Judicial Approaches to Revoking Corporate Registration Changes Following the Non-Establishment of Capital Increase Resolutions
DOI:
https://doi.org/10.37420/j.mlr.2026.007Keywords:
Capital Increase Resolution; Corporate Registration Changes; Bona Fide Third Party; Shareholder Protection; Transaction SecurityAbstract
Article 28 of the newly amended Company Law of the People’s Republic of China provides that where a corporate resolution is declared invalid, revoked, or confirmed as not having been validly adopted, the company shall apply for cancellation of the registration made on the basis of that resolution.

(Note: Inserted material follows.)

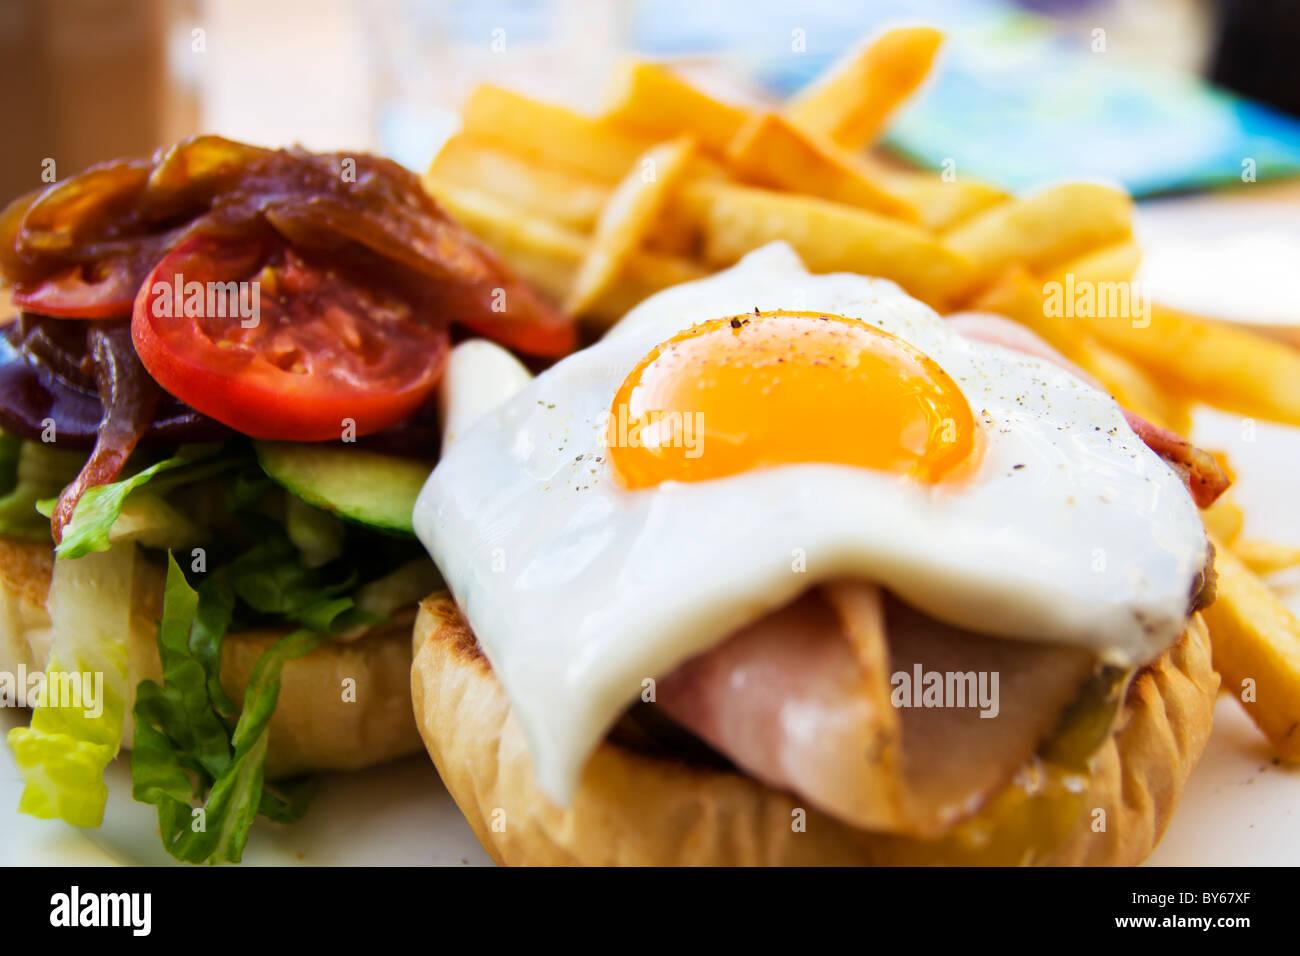 La carne Wagyu hamburguesa con patatas fritas, tocino, jamón, huevo y verduras Imagen De Stock
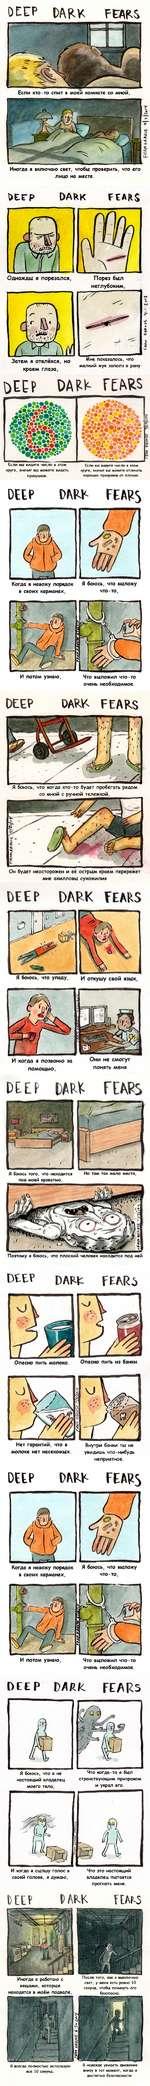 DEXP DARK FEARS Иногда я включаю свет, чтобы проверить, что его лицо на месте. Если кто-то спит в комнате со мной. \>СГР DARK FtARS Однажды я порезался,Порезбыл неглубоким. Мне показалось, что мелкий жук заполз в рану йЕЕР DAFR FEARS Затем я отвлёкся, но краем глаза. •••• Если вы види

However, in disputes concerning defective corporate resolutions, courts remain divided on how to deal with registration changes that have already been completed following a capital increase, and in particular on whether the pre-capital-increase shareholding structure and registered capital should be restored. Capital increase resolutions differ from ordinary corporate resolutions in that they often affect not only the internal allocation of rights among existing shareholders, but also the reliance interests of new investors, creditors, and other external parties. The revocation of registration changes following a defective capital increase resolution therefore requires courts to balance two competing concerns: correcting defects in internal corporate governance and preserving the stability of external transactions.Drawing on representative judicial decisions, this article examines whether and under what conditions registration changes should be revoked after a capital increase resolution is found not to have been validly adopted. It argues that courts should avoid both automatic restoration and blanket preservation of the existing registration status. Instead, a more differentiated approach is required. Courts should first distinguish between internal shareholder disputes and external investment relationships, and then examine whether the new shareholder is a genuine external investor, whether that investor acted in good faith, and whether a legally protectable reliance interest has arisen. Only after such an inquiry can courts determine whether the registration changes should be revoked and the original registration status restored. This article further argues that where a court confirms the non-establishment of a capital increase resolution but declines to revoke the corresponding registration changes, the judgment should still address how the injured shareholder’s rights may be substantively protected. In this way, judicial reasoning can better reconcile shareholder protection, corporate registration credibility, and transaction security.